Marks & Spencer is using artificial intelligence to advise shoppers on their clothing choices based on their body shape and style preferences, as part of efforts to boost online sales.
The 130-year-old retailer is using technology to personalize consumers’ online experience and suggest items to buy.
Stephen Langford, the company’s online director, said M&S was using AI to adapt the language used to address shoppers, tailoring it to six different preferences, such as emotional, descriptive language or more direct prose.
One of its goals is to personalize online interactions with shoppers, she said, for example by prioritizing products most relevant to an individual. For example, male shoppers would be less likely to receive the latest deals on bras.

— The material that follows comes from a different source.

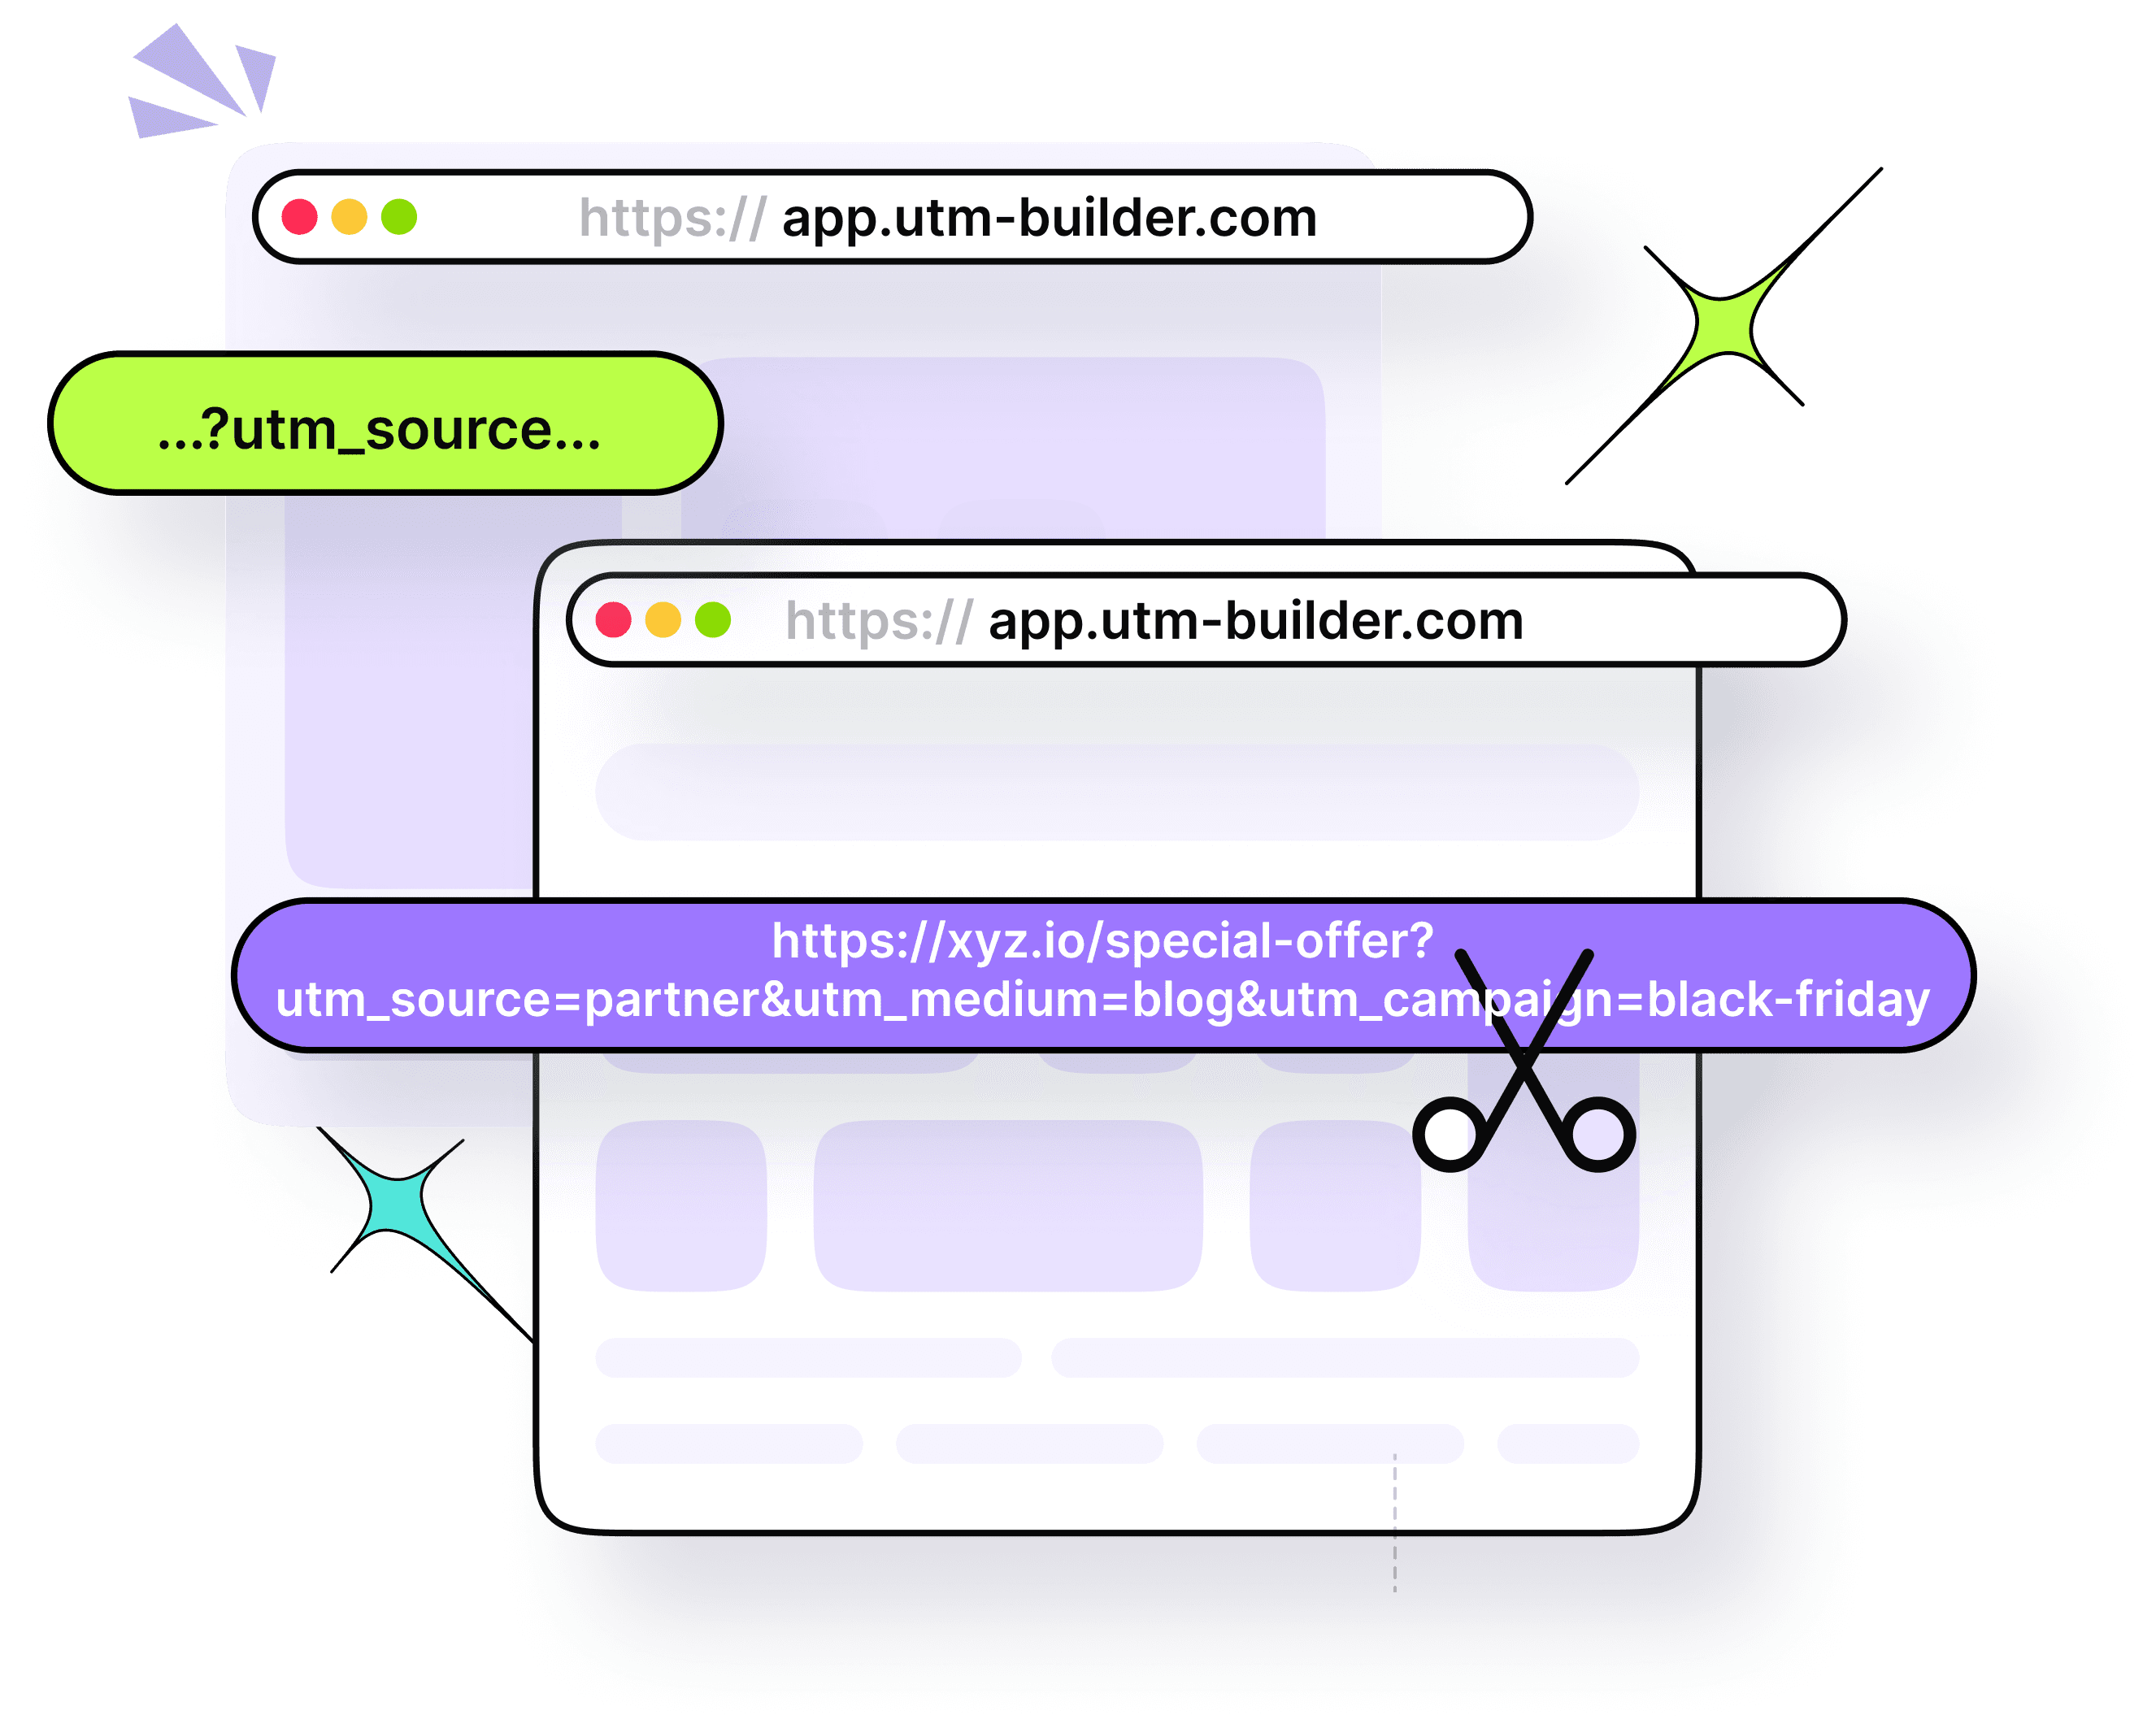 Limit the length of UTM URLs

Shoppers can also choose to complete a questionnaire about their size, body shape and style preferences to receive relevant outfit ideas created by M&S’s AI-powered technology.
Langford said 450,000 M&S shoppers had so far used the quiz, which allows shoppers to choose clothes from 40 million options.
The service combines insights from the £7bn company’s in-house stylists with shopper information to offer advice on what types of clothes can be paired together.
Automation of product descriptions using AI has increased from almost nothing to 80% in the past year, although Langford added: “We still need a human in the process” to verify the output.
Richard Price, managing director of M&S clothing and home, said the company was “pushing online commerce forward” with the aim of making half of its fashion sales digital by 2028, up from about a third at present.
The retailer, which has 240 full-line stores and 325 food outlets, reported a 41% rise in profits last year, while sales rose 9.4% to £13bn.
Fashion and home goods online Sales increased by 7.8% at M&S last year. M&S attracted 1 million more customers last year, two-thirds of whom arrived via the internet.
The surge in online sales has been driven in part by an 80% increase in social media marketing and advertising spending year-on-year, with the company now spending more on Facebook, Instagram and TikTok than it does on TV. Nearly a third of its revenue generated through TikTok comes from entirely new customers.
Launching the retailer’s autumn ranges on Wednesday, Price said M&S had taken its biggest share of the womenswear market in nine years this summer, despite what he called a “tough” season amid cool and wet conditions until the end of July.
The retailer has long been the market leader in clothing categories such as knitwear and lingerie, but has been gaining market share in other areas including denim. It hopes to overtake Next and become the biggest seller of occasionwear as the winter party season approaches.